The maneuver physically displaces the lower jawbone (the mandible) forward and slightly downward. Because the tongue is attached to the inside of the jaw through a small U-shaped bone called the hyoid, pushing the jaw forward lifts the tongue away from the back of the throat. This creates space in the airway without requiring any movement of the head or neck.

To perform it, the rescuer positions themselves at the top of the person’s head, looking down toward their feet. They place their fingers behind the angles of the jaw on both sides, just below the ears, and push the jaw forward and upward. The thumbs can rest lightly on the cheekbones or chin for stability. The key movement is forward, not upward, lifting the entire lower jaw as if sliding it out from under the upper teeth.

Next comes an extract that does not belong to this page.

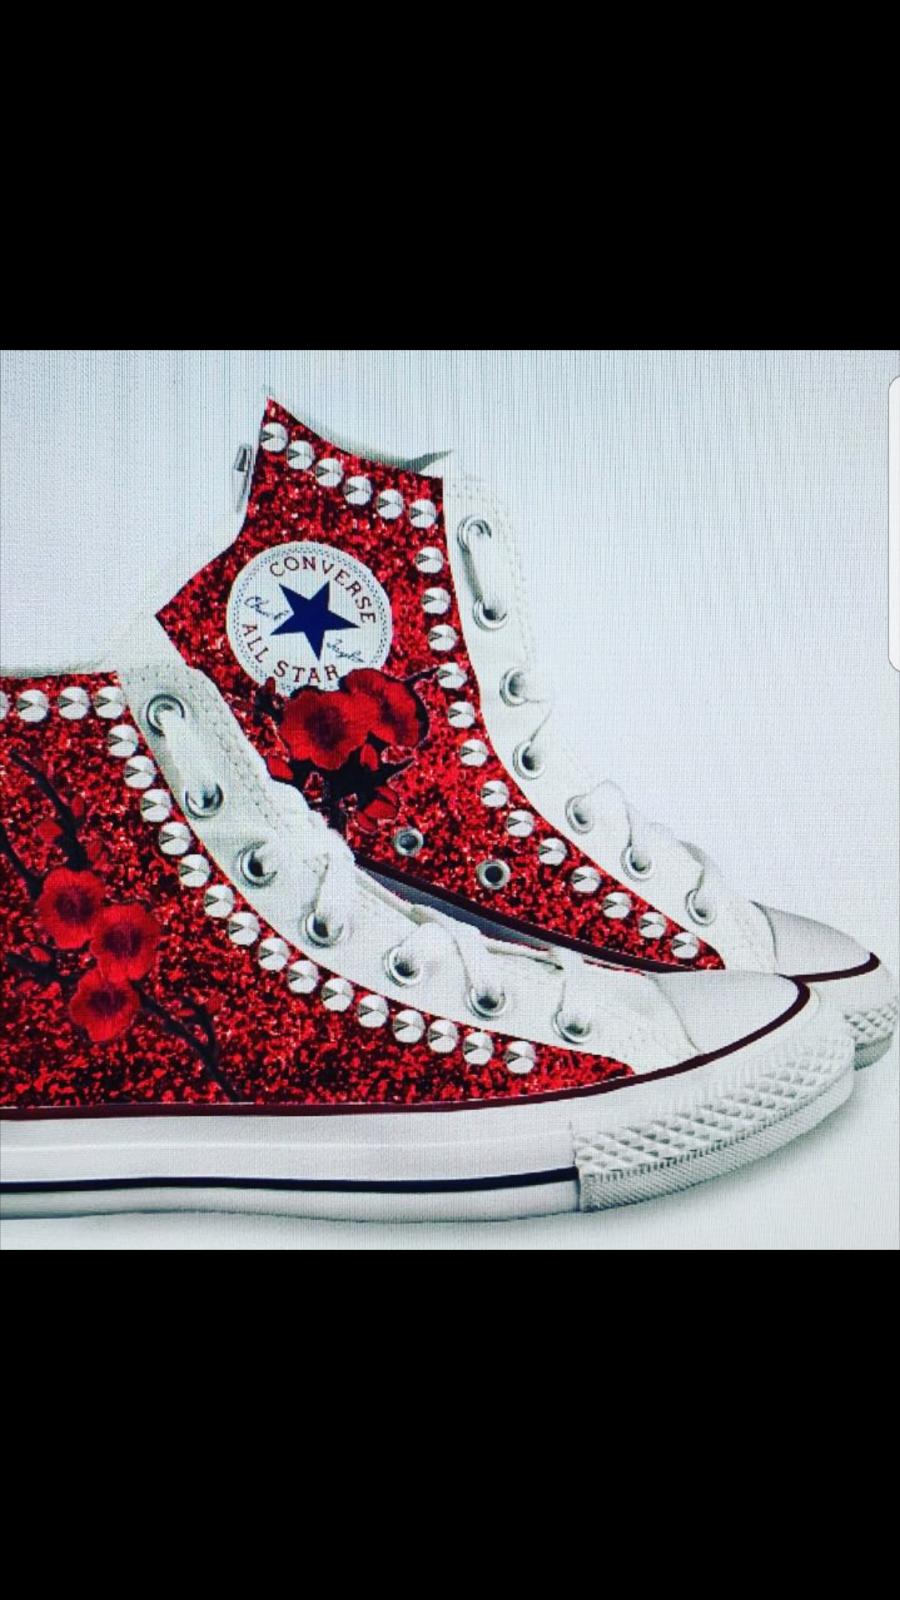 converse all star  piu' con glitter rosso e borchie piu'  peach 1f5946

It requires both hands, which is one reason it can be more challenging than a head tilt and chin lift. If you’re alone and also need to deliver rescue breaths or hold a mask in place, the positioning gets difficult. This is part of why the technique is primarily taught to trained rescuers and healthcare providers rather than to the general public for basic CPR.

When It’s Used

The jaw thrust is the preferred airway technique any time a neck injury is possible. The most common scenarios include car accidents, falls from a height, diving injuries, and any trauma involving the head or face. In these situations, moving the neck even slightly could worsen damage to the spinal cord, so keeping the head in a neutral position is critical.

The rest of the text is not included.